Radiofonia campinense passa por reviravolta, mas o coitado do ouvinte ainda não ganhou benefícios

21/08/2019

A radiodifusão em Campina Grande tem experimentado nos últimos meses uma espécie de reviravolta, mas lamentavelmente sem benefícios - ganhos - para o ouvinte.

Aliás, em Campina Grande há anos esse setor da nossa mídia padece de muito mais reviravolta!

São muitas as mudanças, obviamente, a começar pelo advento da migração de sinal que já sepultou pelo menos as três emissoras AM’s (ondas médias) que por aqui existiam, restando no segmento local tão somente a rádio Cidade de Esperança (sic !!??).

Hoje, são sete as FM’s no ar: ‘Campina’ (a pioneira), ‘Correio’, ‘Panorâmica’, Arapuan e as que nasceram pós-enterro das AM’s: ‘Caturité’, ‘Cariri’ e CBN (que em AM uma época se chamou ‘Borborema’ e n’outros dias ‘Sociedade’).

Era de se imaginar que a revolução verificada com o advento da supremacia das FM’s tivesse o condão de dar qualidade e eficiência a todas as emissoras, mas até aqui o ouvinte ainda veleja no mundo dos sonhos...

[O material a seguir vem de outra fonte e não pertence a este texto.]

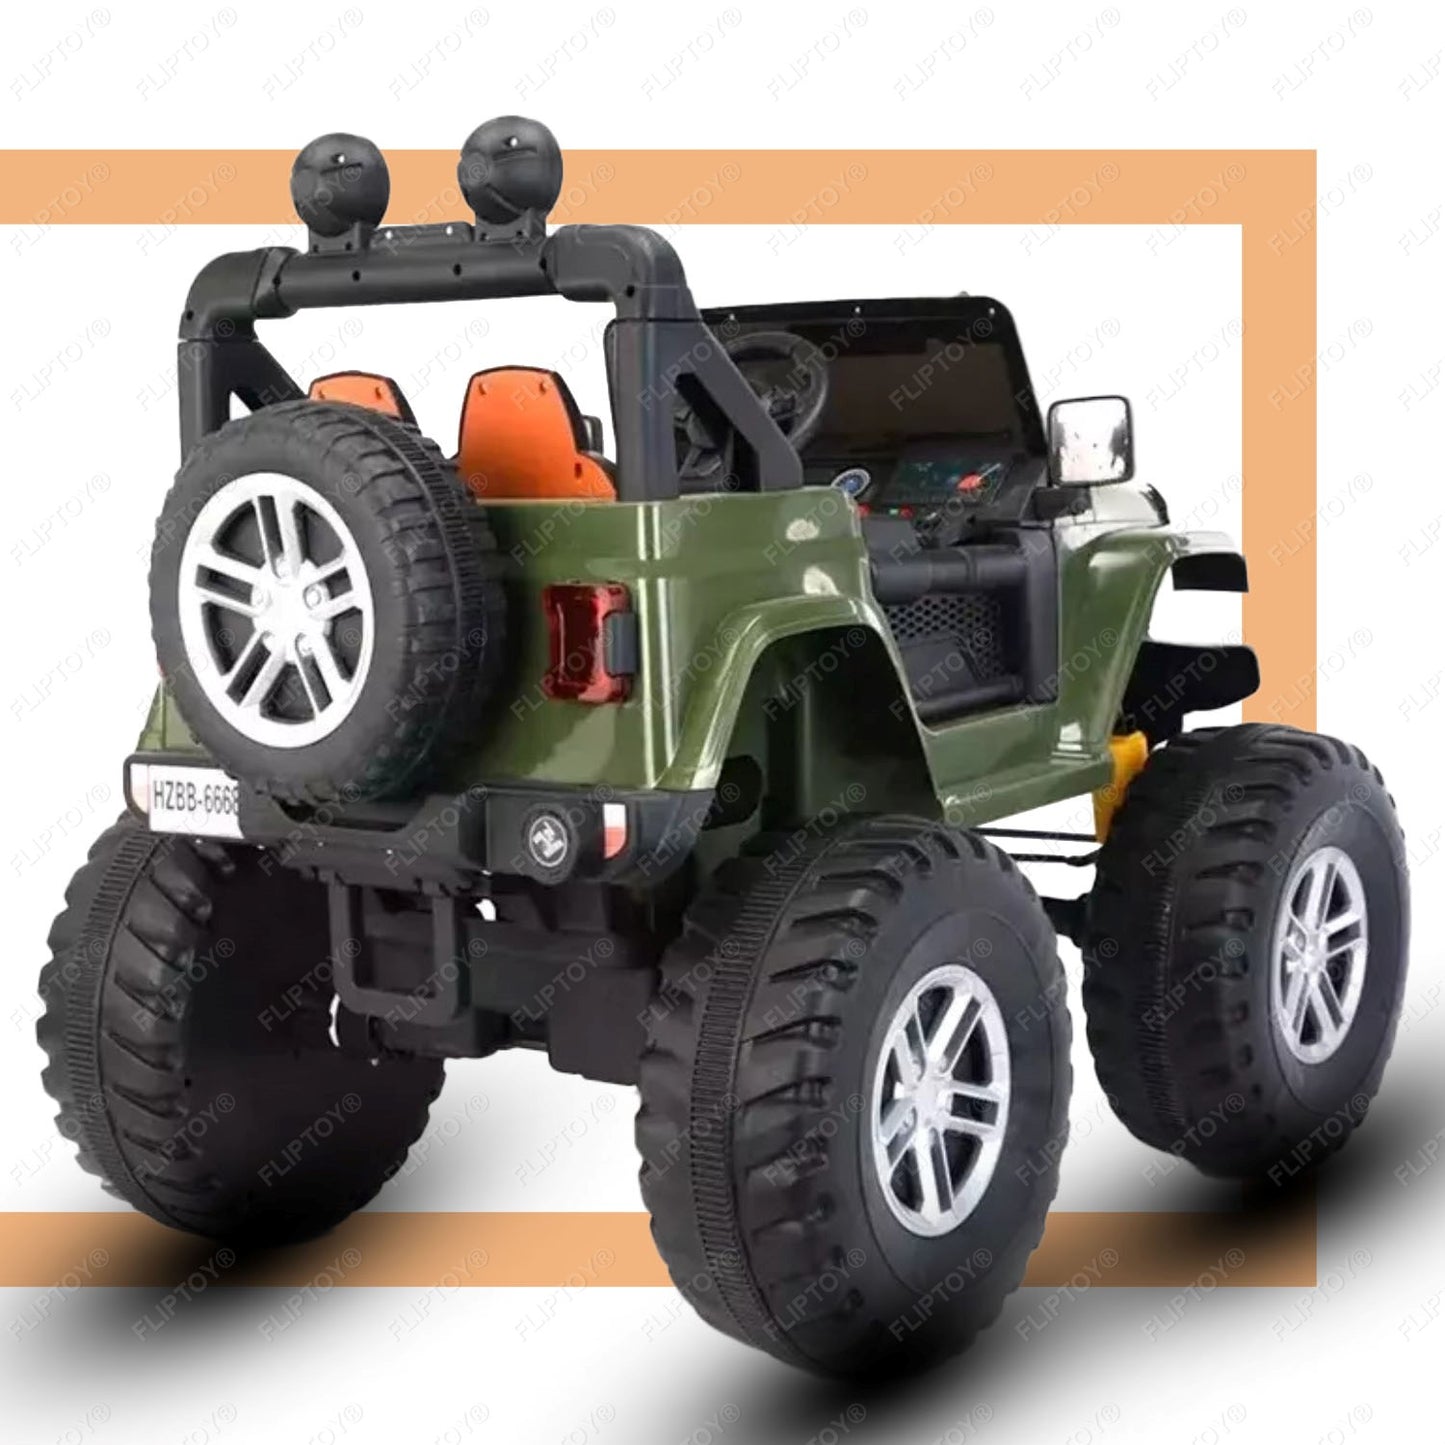 Kids ride on jeep | Monster wheel | 4*4 ride on | Model FLP6688 | 12V battery operated

E outra coisa importante a registrar é que nem a concorrência, que se previa pudesse ser acirrada, existe. E sem saudável disputa, niveladas que se encontram programações, quadro de pessoal e equipamentos nas rádios, a mesmice é de dar dó - e dor na audiência!

O pior é que não resta ao desmotivado ouvinte nem mesmo a expectativa de que algo melhor possa vir a surgir, sequer a longo prazo.

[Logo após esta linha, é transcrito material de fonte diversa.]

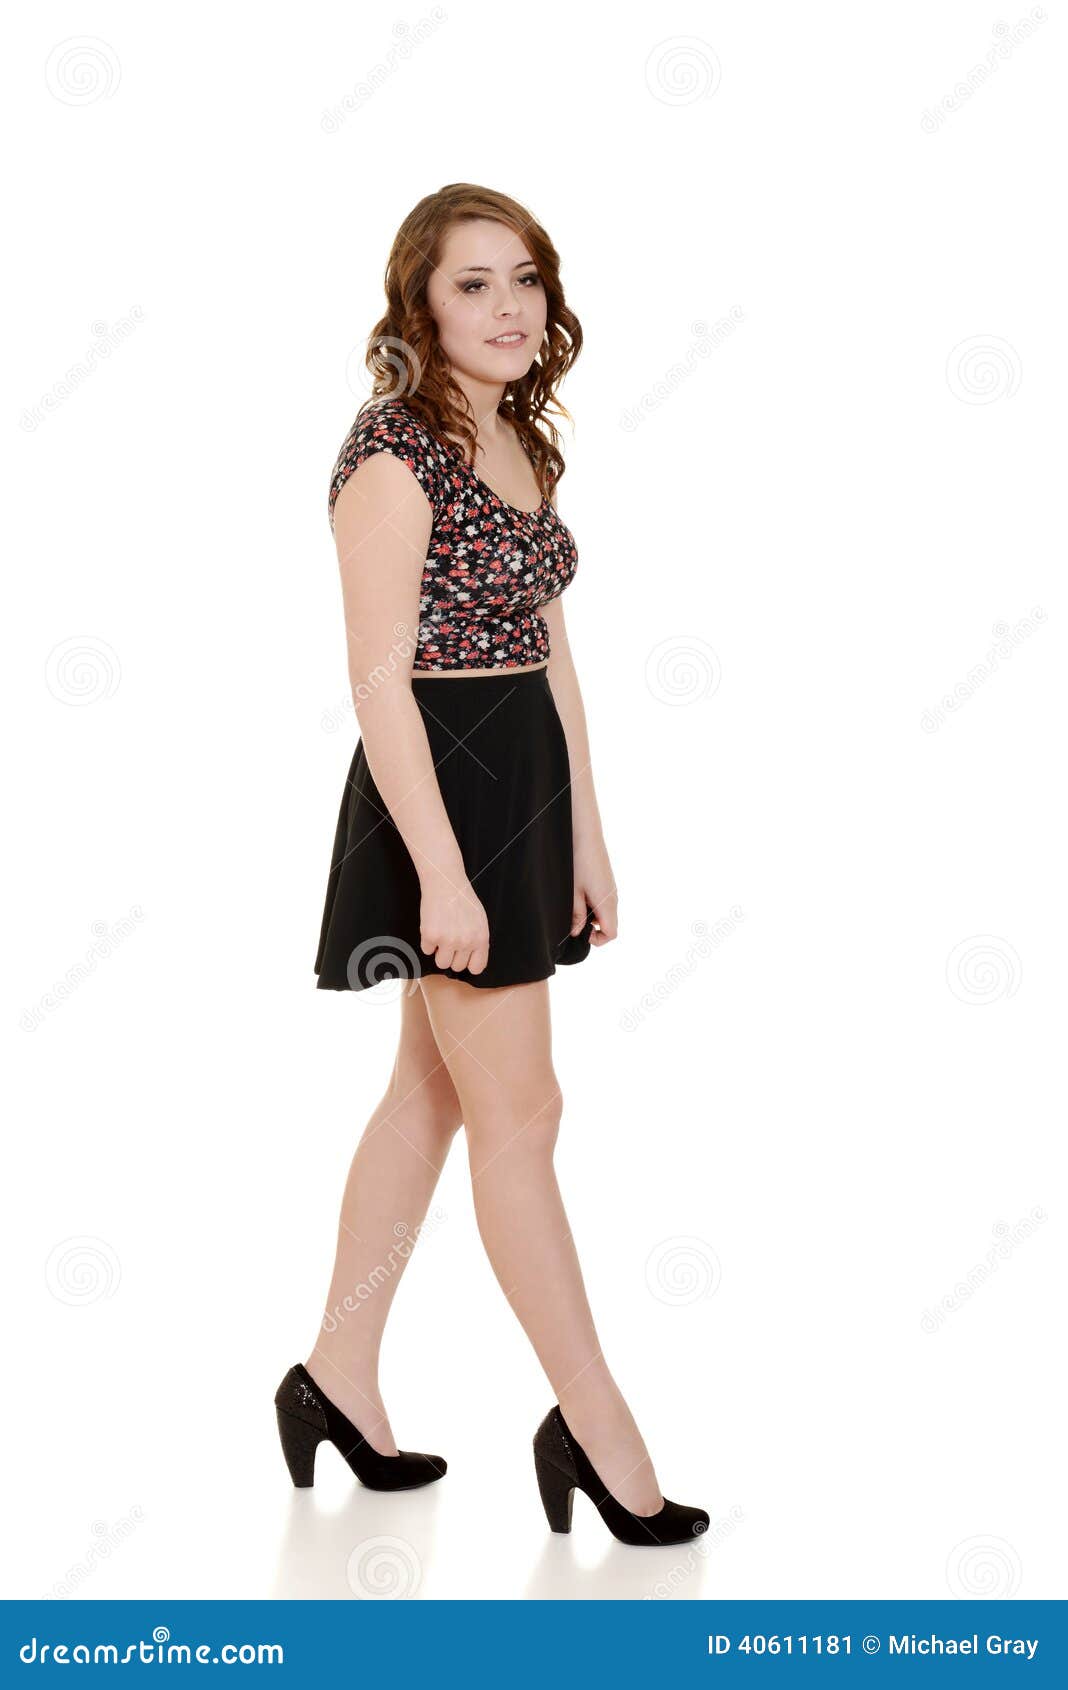 derek hole add teens in short skirts photo

Descontadas as raras - e bote raro nisso!!! - exceções, não escapa da péssima qualidade nenhuma área do setor.

Narrações de futebol permanecem um desastre, programas policiais viraram carniça cerebral, musicais continuam uma lástima.

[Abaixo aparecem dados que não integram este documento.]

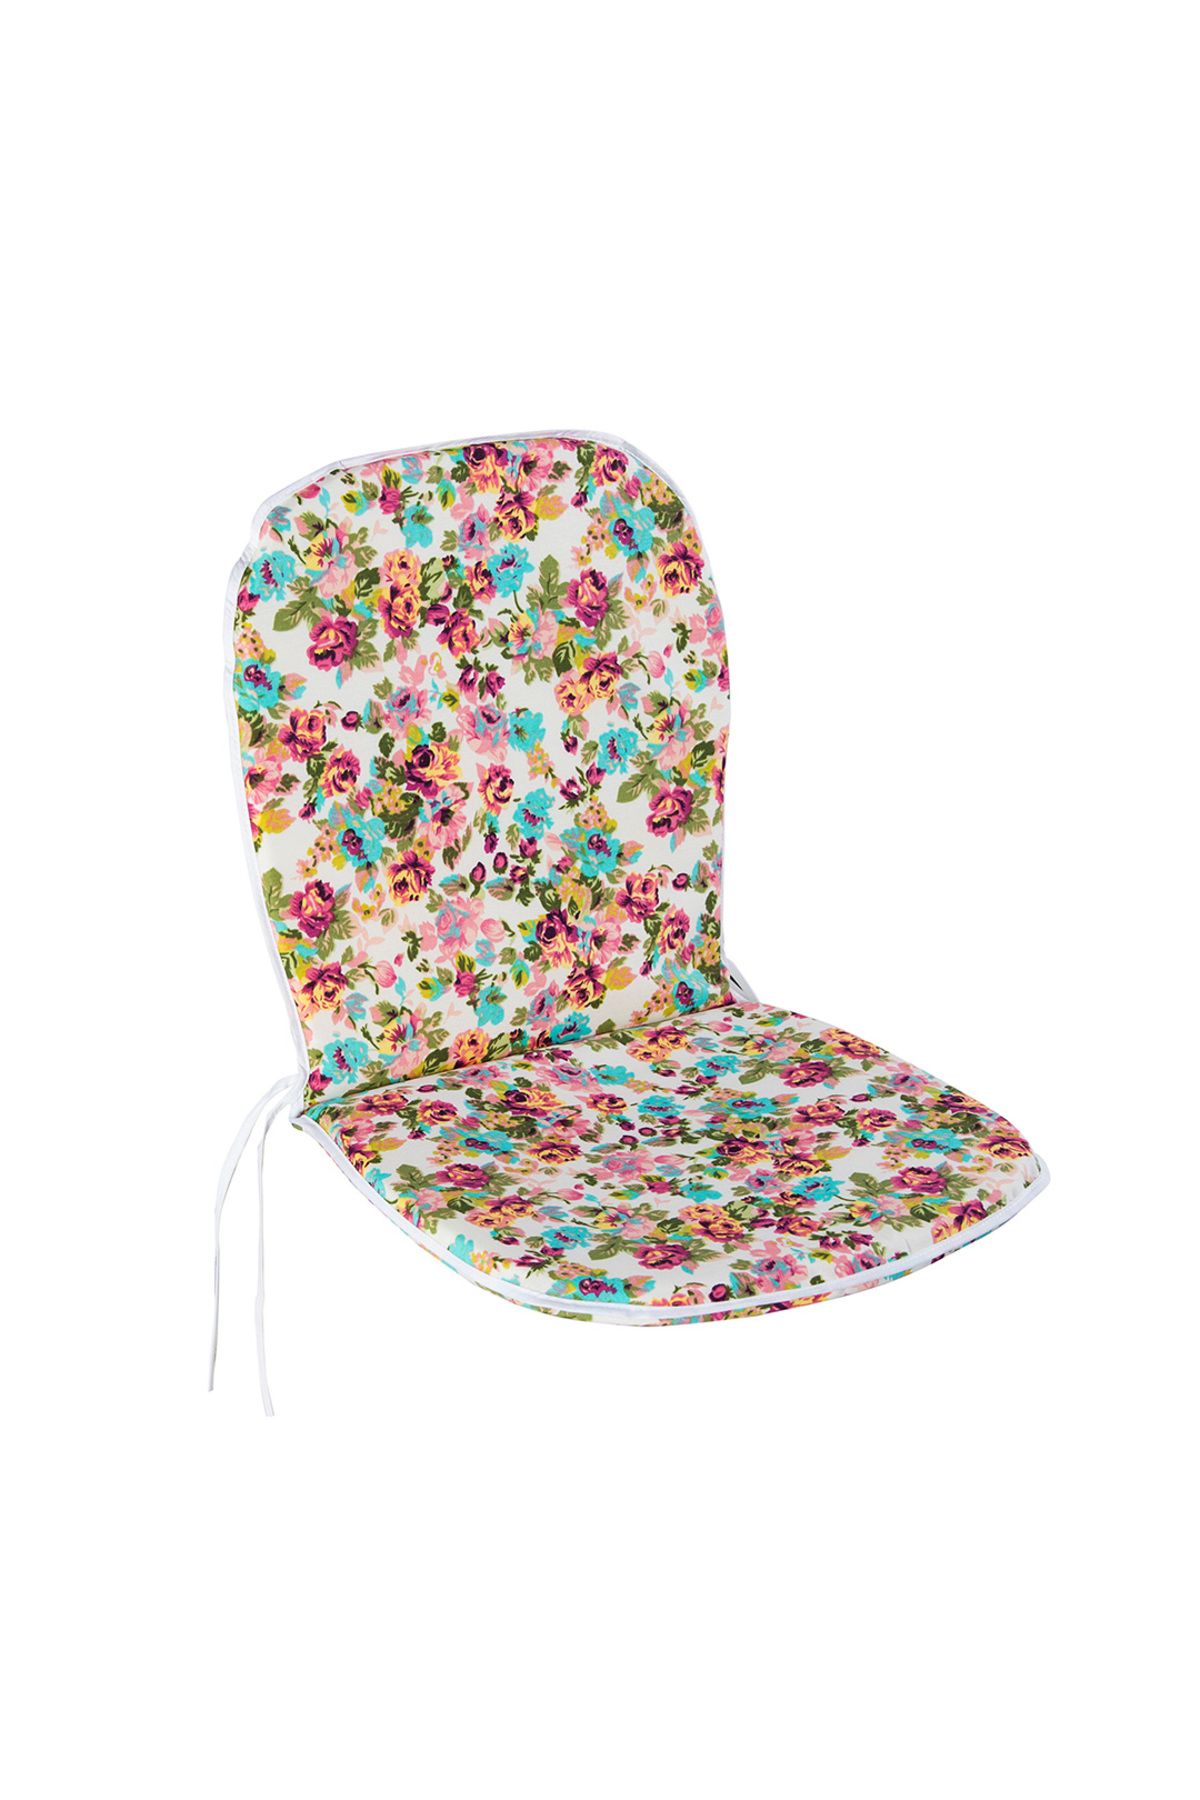 Homedius Lilia Pembe Çiçekli Sırtlıklı Sandalye Minderi

A cada dia, como na famosa cantiga da perua, é de pior a pior...

Prá ficar na linguagem das aves, tá tudo FRACO, FRACO, FRACO... Um “gulu-gulu” realmente de deixar quem faz rádio e quem ouve rádio em Campina Grande de crista baixa!

Modulou-se por estas bandas apenas o sinal, e mais nada.

Senão, vejamos:

CATURITÉ  - Mais potente das novas FM’s

permanece ‘insossa’ por ordem do bispo

 

 

 

 

 

 

 

 

 

 

 

 

 

 

 

 

 

João Barros e Ubiratan Cirne ladeados pelo diretor da rádio

Das que migraram para FM, a rádio da Diocese tem a maior potência, mas ao deixar de ser sintonizada nos pés-de-serra levou um baque. Seu jornalismo é insosso, embora esse não seja um problema de agora, em face da “santidade” dos padres que a administram rezar pela cartilha do bispo, aquela que proíbe entrar em bolas divididas e que tais.

Por lá ainda dá para salvar o “Caturité nos Municípios”, fermentado meses atrás com a presença de João Barros dividindo com Ubiratan Cirne a mesma mumificada fórmula que nem sequer sofreu mudanças em meio à dose do veneno que matou o fundador Hugo Ramos.

CARIRI – Bolinha quis vencer na política, mas seu

projeto lhe fez descer a ladeira junto com a rádio



 

 

 

 

 

 

 

 

Morib Macedo no comando do jornalismo matinal da emissora

Inaugurada com pompas, coquetel e a água benta do jovial gorducho padre Hachid Ilo, que há dois meses ganhou um programa só seu, a Cariri FM foi uma tempestade... Arrendada da família Ribeiro pelo inquieto Arthur Bolinha, que avistava nela a sua grande chance de ser vitorioso na política partidária, de logo cometeu um erro crasso e imperdoável - o de decepar-lhe a identidade!

“Nada de Cariri”, que é fora de moda e não gera apelo de marketing, ordenou o empresário apostando que a teimosia de batizar a emissora apenas como “101 FM” seria um plus.

Bolinha literalmente desceu ladeira abaixo, se despedaçando na política e na vontade de se manter dono de rádio. Frustrado e desiludido, mas consciente de que perder dinheiro jamais foi a sua melhor praia, correu da raia repassando o prejuízo para outro jovem e vitorioso comerciante local, o visionário Neilton, dono da REDEPHARMA que infelizmente vem tocando o projeto da mesma capengante forma que obrigou Bolinha a se retirar dos estúdios.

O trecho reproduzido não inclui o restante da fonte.